PURPOSES OF THE FUND
The Dorothy Sargent Rosenberg Memorial Fund offers a poetry contest to award prizes to young poets with unusual promise. The first year of this writing contest was 2004. The Fund plans to disburse between $125,000 and $200,000 in "Dorothy Prizes" each year, reserving the right to adjust the size and number of awards to suit the quality and quantity of the submissions in any given year. The Fund also sponsors the Anna Davidson Rosenberg Awards for Poems on the Jewish Experience, and has endowed the Dorothy Rosenberg Memorial Prize in Lyric Poetry at the University of California, Berkeley.
DOROTHY SARGENT ROSENBERG POETRY PRIZES FOR 2013
Prizes ranging from $1,000 up to as much as $25,000 will be awarded for the finest lyric poems celebrating the human spirit. To learn more, CLICK HERE.
ANNA DAVIDSON ROSENBERG POETRY AWARDS
The Anna Davidson Awards for Poems on the Jewish Experience were established in 1987 by Marvin Rosenberg and his sisters, Nedda Fratkin and Violet Ginsburg, in memory of their mother Anna Davidson Rosenberg, with support from other members of the family. Prizes up to $3,000 are awarded annually, and for 2013 the competition will be administered by Poetica Magazine under the sponsorship of Michal Mahgerefteh, poet and editor. To view the guidelines for the 2013 contest, including deadline and list of judges, CLICK HERE.
DOROTHY ROSENBERG MEMORIAL PRIZE IN LYRIC POETRY
To learn more about this student prize at the University of California, Berkeley, CLICK HERE.
A BRIEF HISTORY OF THE GENESIS OF THE FUND
Dorothy Sargent Fraser and Marvin Rosenberg met and were married while studying the humanities at the University of California, Berkeley during the depression. It was a happy time for them, but there was not much money. Their son, Barr, was born in 1942.
Dorothy's life was rich and varied and she was a sensitive, thoughtful, and intelligent observer. She came from a lineage of religious people who acted on their high principles, and she developed a quality of simple goodness that was evident to all around her. Her poetry expressed the deeper shades of her life experience, and ingeniously expressed the understanding that she had gained.
Dorothy wrote under the name Dorothy Sargent, using her middle name—after her relative John Singer Sargent. Dorothy published poems in prestigious publications, and she was particularly encouraged by Langston Hughes' appreciation and support for her work. She also wrote intimate poems for her family, some never submitted for publication, treasured gifts to Marvin and Barr. Still, for various reasons her career as a writer did not develop as it might have.

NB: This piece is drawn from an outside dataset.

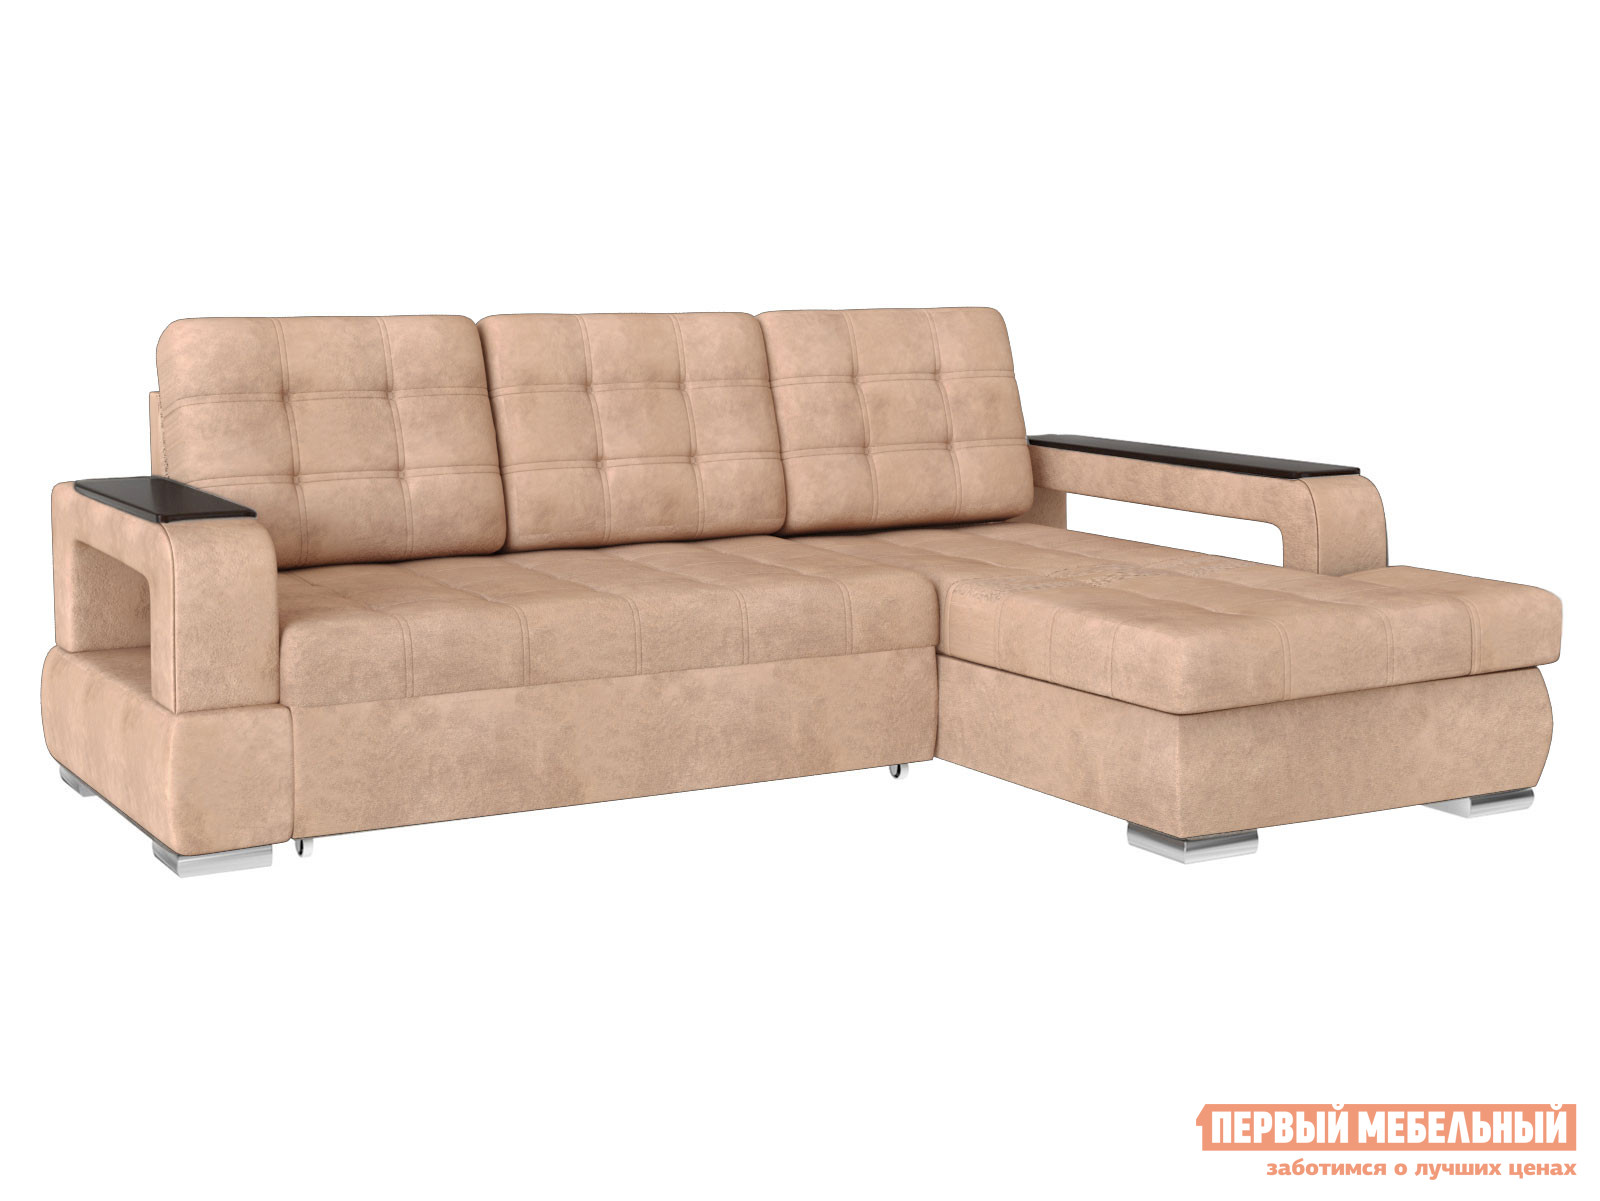 Угловой диван Виктория Люкс Угловой Oxford 200, иск. замша, Правый фото

After the war, Marvin returned to U.C. for a Ph.D. and became a professor at Berkeley and a renowned Shakespearean scholar. The family remained together in the Bay Area, except for a few travels, until Dorothy's death in 1969. Early in 1969 Marvin and Barr privately published a small selection of Dorothy's poems, and Marvin sponsored poetry prizes in Dorothy's memory first through the Unitarian Universalist Association and later at U.C. Berkeley.

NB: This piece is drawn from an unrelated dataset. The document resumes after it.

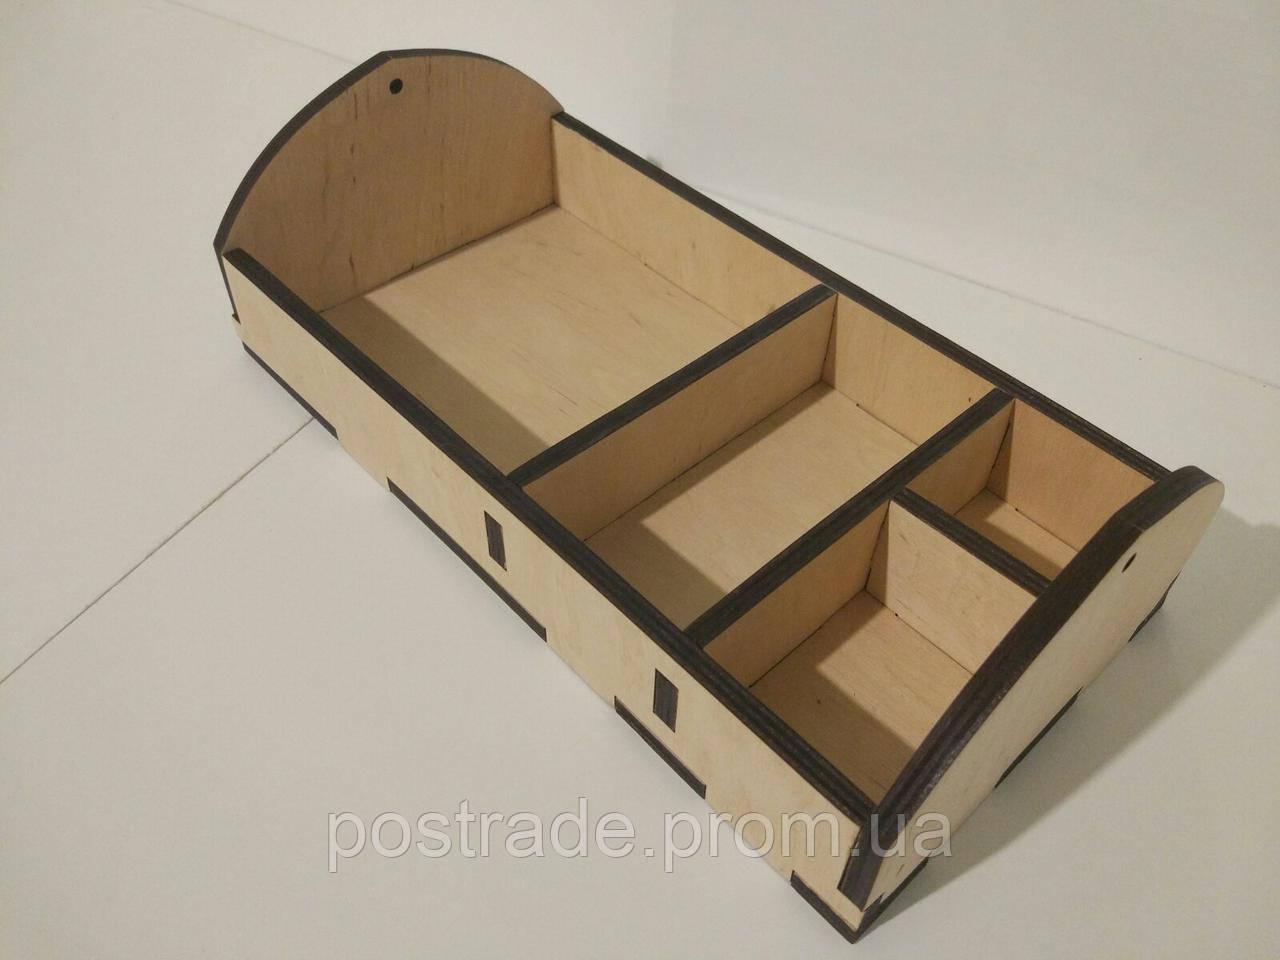 Органайзер барный деревянный на 4 отдела

Marvin continued to teach at UC for thirty three more years until his death in 2003. During his long and fruitful life he published highly acclaimed studies of Shakespeare's four great tragedies and a book of collected essays. His last book, The Masks of Anthony and Cleopatra was published posthumously in 2006 and subsequently won the Theatre Library Association's George Freedley Memorial Award for an outstanding contribution to the literature of the theatre. His earlier book, The Masks of Hamlet, won the same award in 1992.

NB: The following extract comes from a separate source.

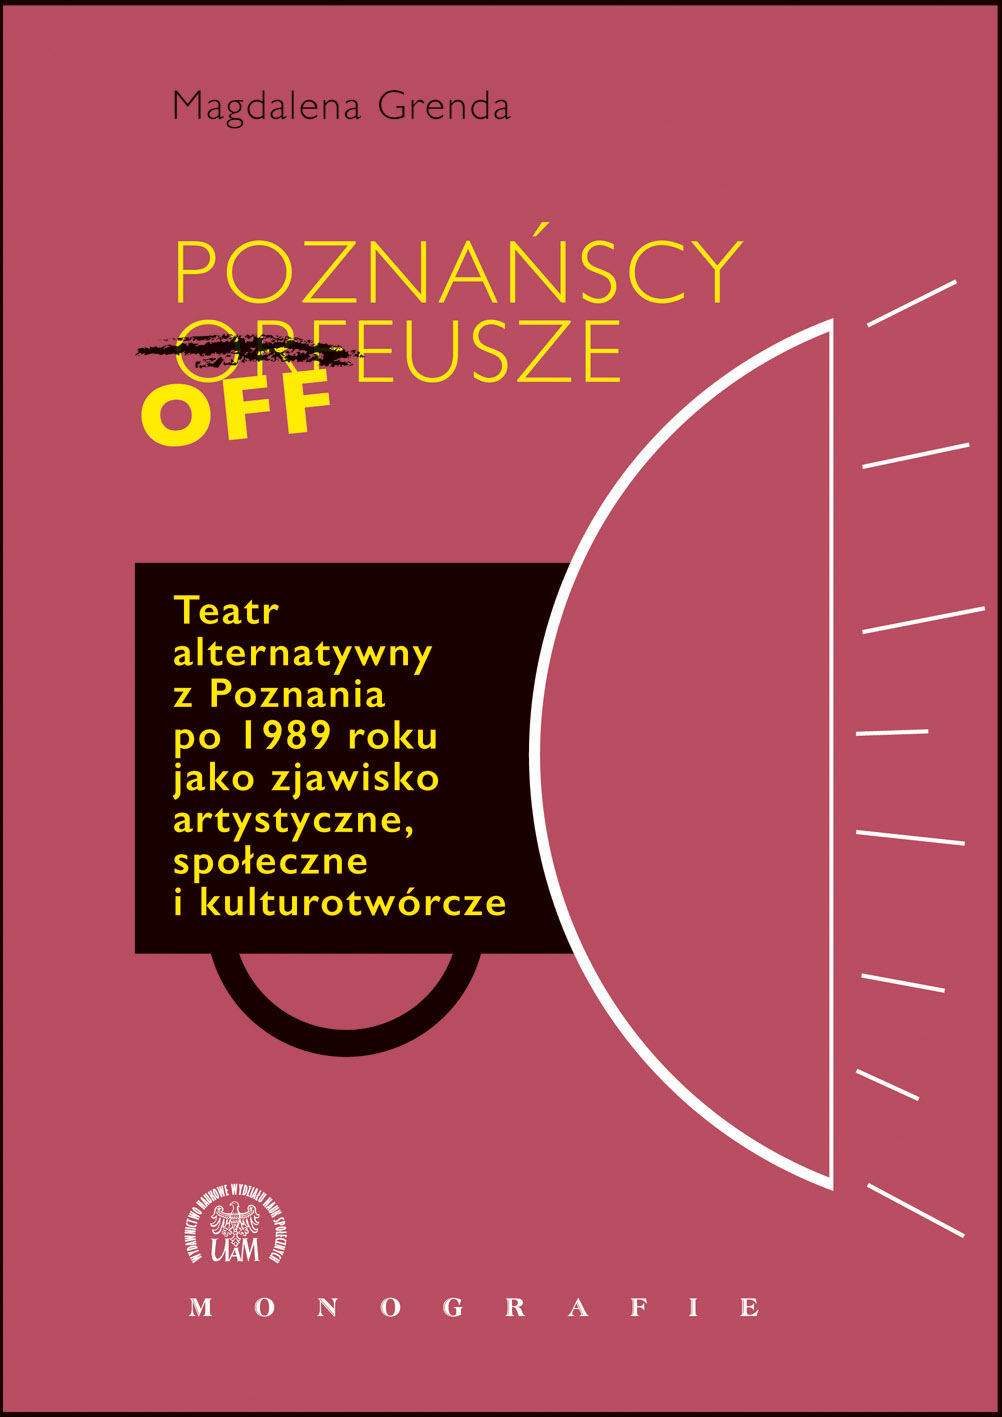 Poznańscy Offeusze. Teatr alternatywny Poznania po 1989 roku jako zjawisko artystyczne, społeczne i kulturotwórcze - Kulturoznawstwo UAM

It was Marvin's long-held dream to bequeath his estate as a memorial to Dorothy as a means of giving a financial lift to deserving young poets. He remembered the privations of their early years together, and it greatly pleased him to visualize how these prizes might enable promising young writers to pursue their craft and advance their careers. Barr and Marvin's second wife, Mary, gave their enthusiastic support to his plans; and although Marvin was modest about his financial acumen, his investments grew wonderfully well, and the generous prizes now offered by the Fund are the fruits of his sincere dedication. Late in Marvin's life, the Anna Davidson Rosenberg Memorial Fund was formed to accept donations from Marvin and his sisters. After his death, the funding from his estate rounded out his vision and all of the poetry prizes have been united under one roof. Mary and Barr look forward to carrying on the operation of the fund in the spirit of Marvin's wishes.